Lorsque l’aide humanitaire ne respecte pas certains principes, les populations peuvent s’y opposer. D’où nécessité de veiller à la qualité de l’aide et l’implication des communautés.

Paradoxalement, les populations bénéficiaires peuvent empêcher l’accès humanitaire lorsque l’aide ne correspond pas à leurs besoins ou qu’elles ne sont pas suffisamment consultées et impliquées. L’accès est donc une construction conjointe entre les humanitaires et les bénéficiaires.

L’acceptation, l’autre face de l’accès humanitaire

L’aide humanitaire est soumise au principe de « ne pas nuire », ni aggraver la situation préexistante. Or, quand les populations la perçoivent comme potentiellement nuisible, elles peuvent la rejeter. En l’occurrence, des personnes n’ayant pas compris le processus de ciblage des bénéficiaires ont bloqué la distribution d’aide humanitaire. Dans ce cas, l’accès humanitaire ne peut être géré qu’avec une bonne communication communautaire.

Le retard ou la mauvaise qualité de l’aide complique l’accès

Par ailleurs, lorsque l’aide humanitaire est de mauvaise qualité ou qu’elle est retardée, les acteurs humanitaires peuvent perdre leur accès. Le cas des distributions de semences faites après la période agricole, qui démotive parfois les agriculteurs, et augmente la tension entre les humanitaires et les communautés. Même si ces défauts de qualité de l’aide sont involontaires (lenteur des procédures de dédouanement, insécurité) les tensions qu’ils suscitent peuvent compromettre l’accès.

 La participation et l’appropriation communautaire comme solution

Il est donc important d’encourager la participation communautaire pour créer un sentiment d’appropriation favorable à l’accès. Cela commence par la promotion du recrutement des nationaux. Car l’aide humanitaire doit s’adapter aux enjeux du renforcement des capacités locales et du transfert progressif des savoirs.

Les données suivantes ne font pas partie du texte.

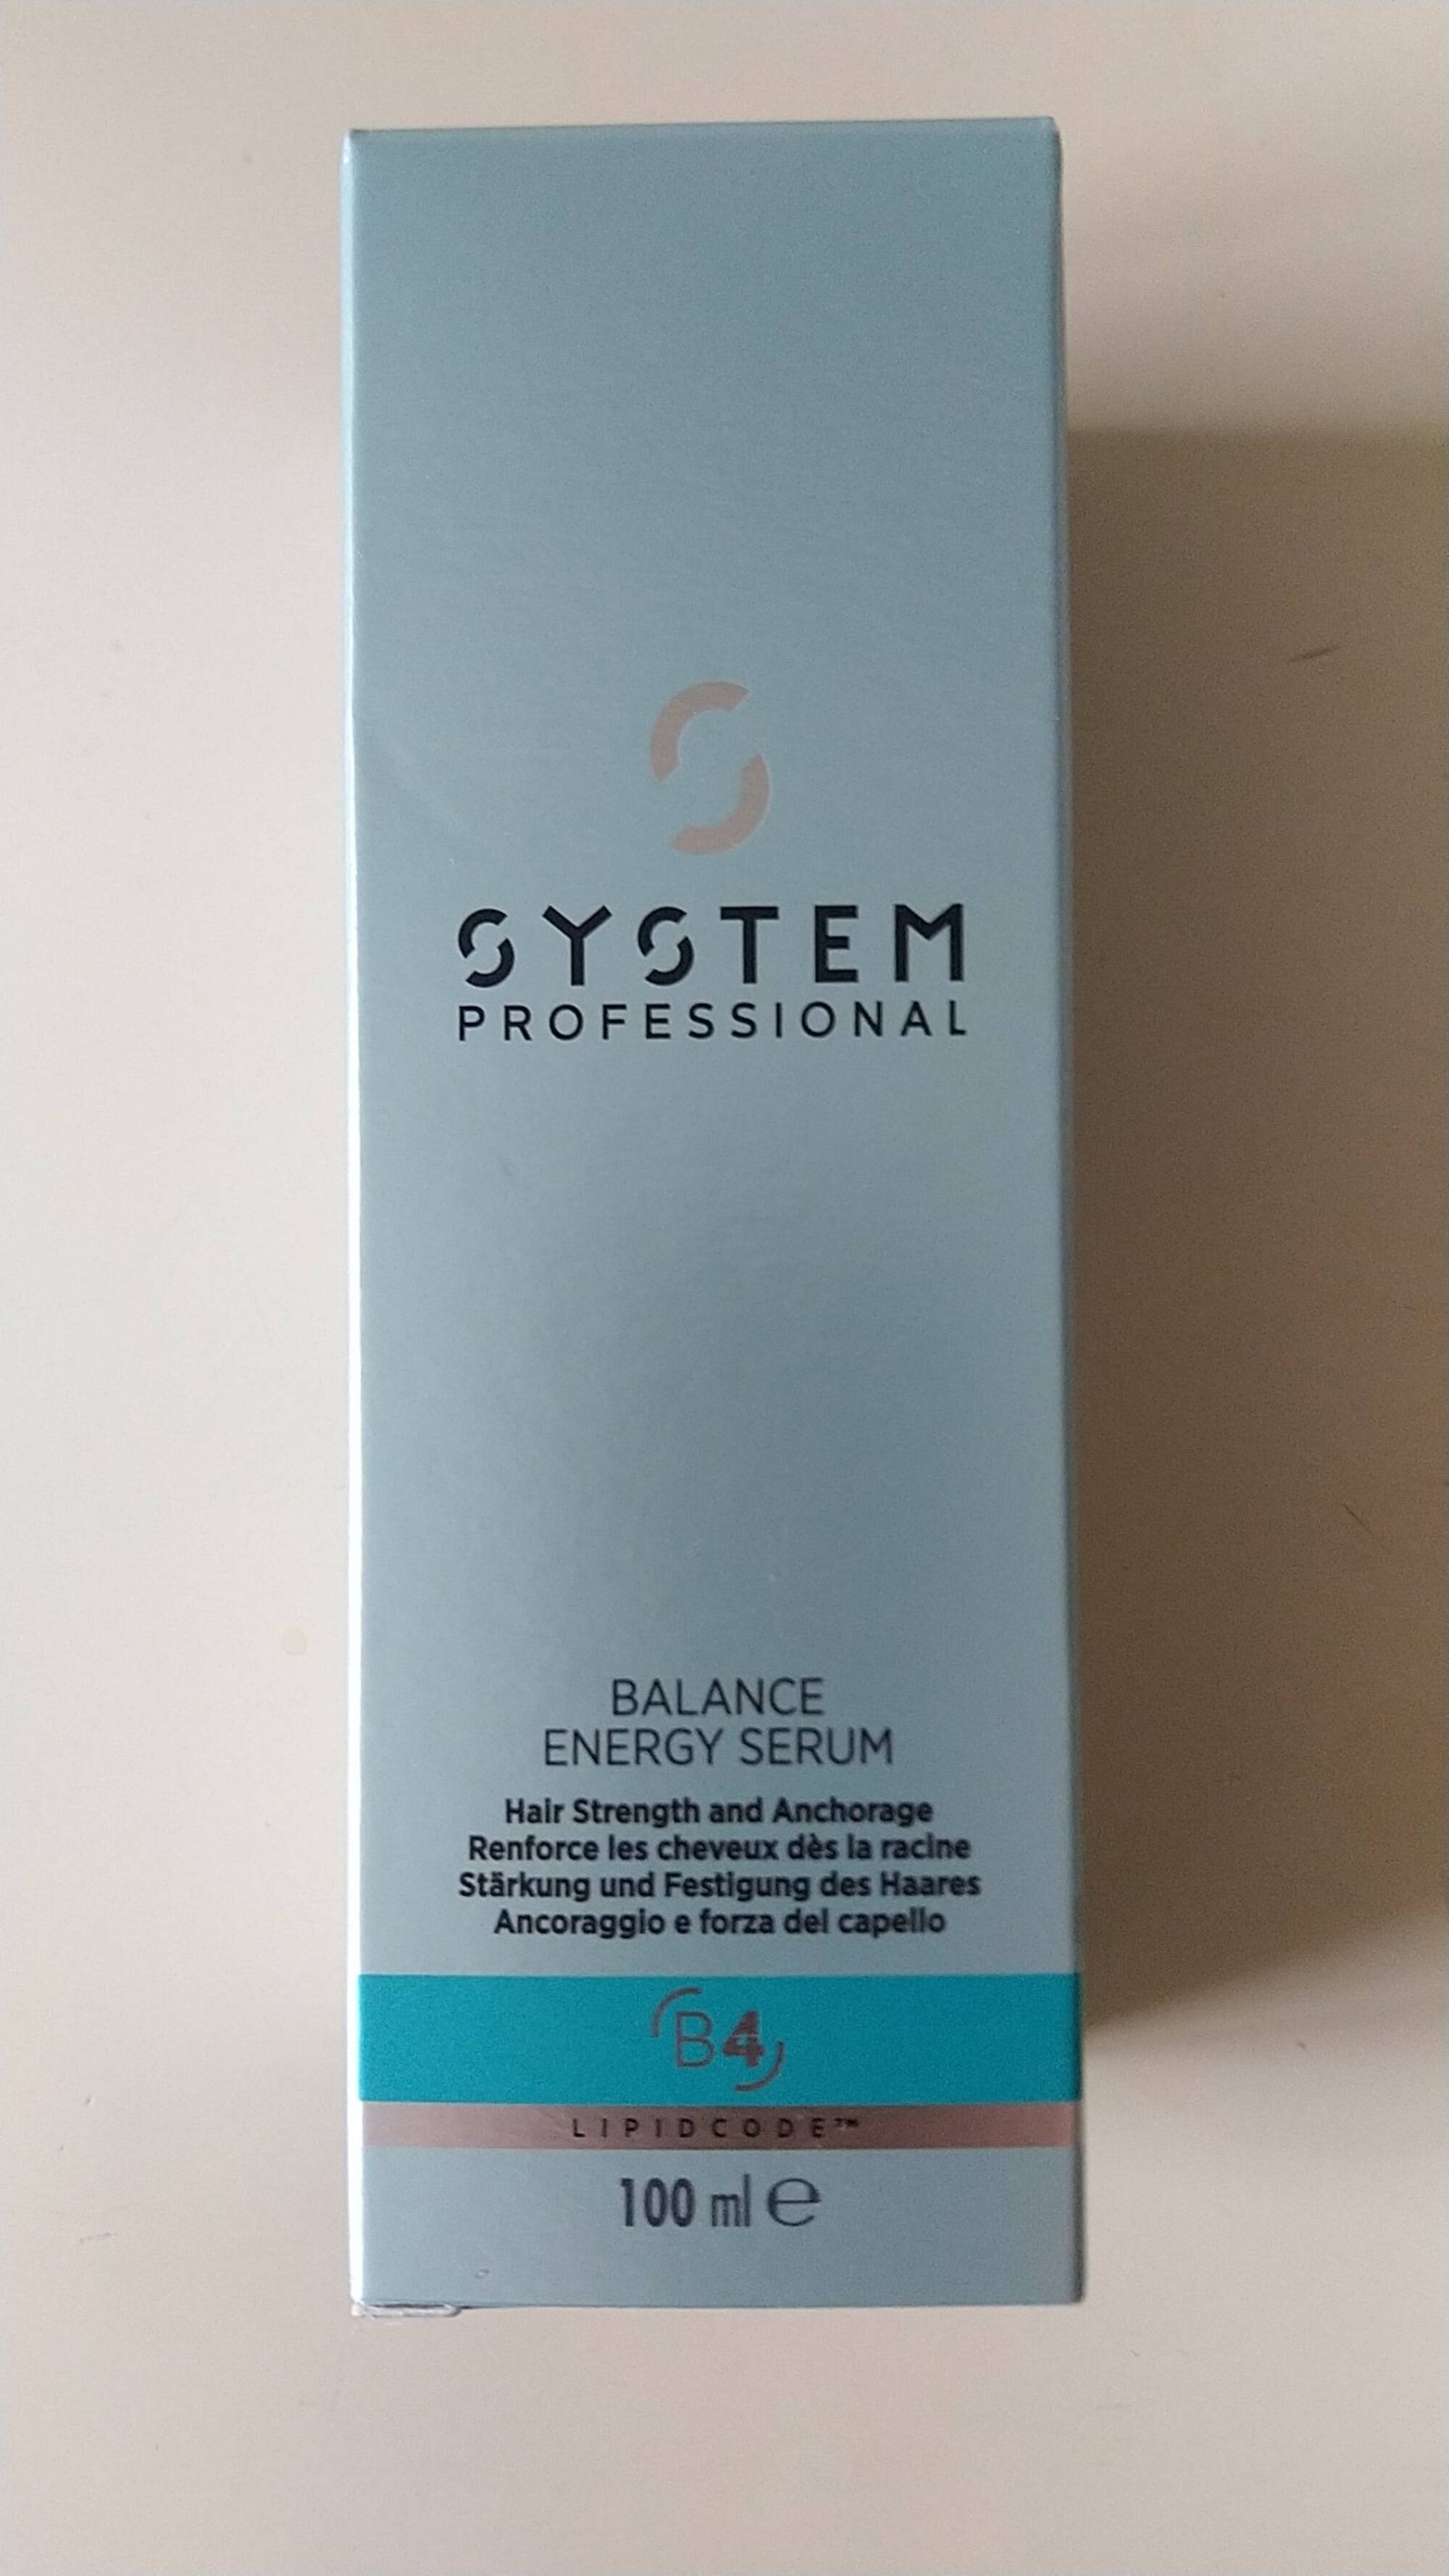 SYSTEM PROFESSIONAL - Balance energy serum

De plus, les communautés doivent ne plus simplement être des bénéficiaires de l’aide mais en devenir des parties prenantes dont l’une des missions serait de favoriser l’accès sans contrainte. Car les leaders communautaires contribuent à soutenir une pleine adhésion aux projets menés dans leurs communautés et à négocier l’accès humanitaire auprès des groupes armés.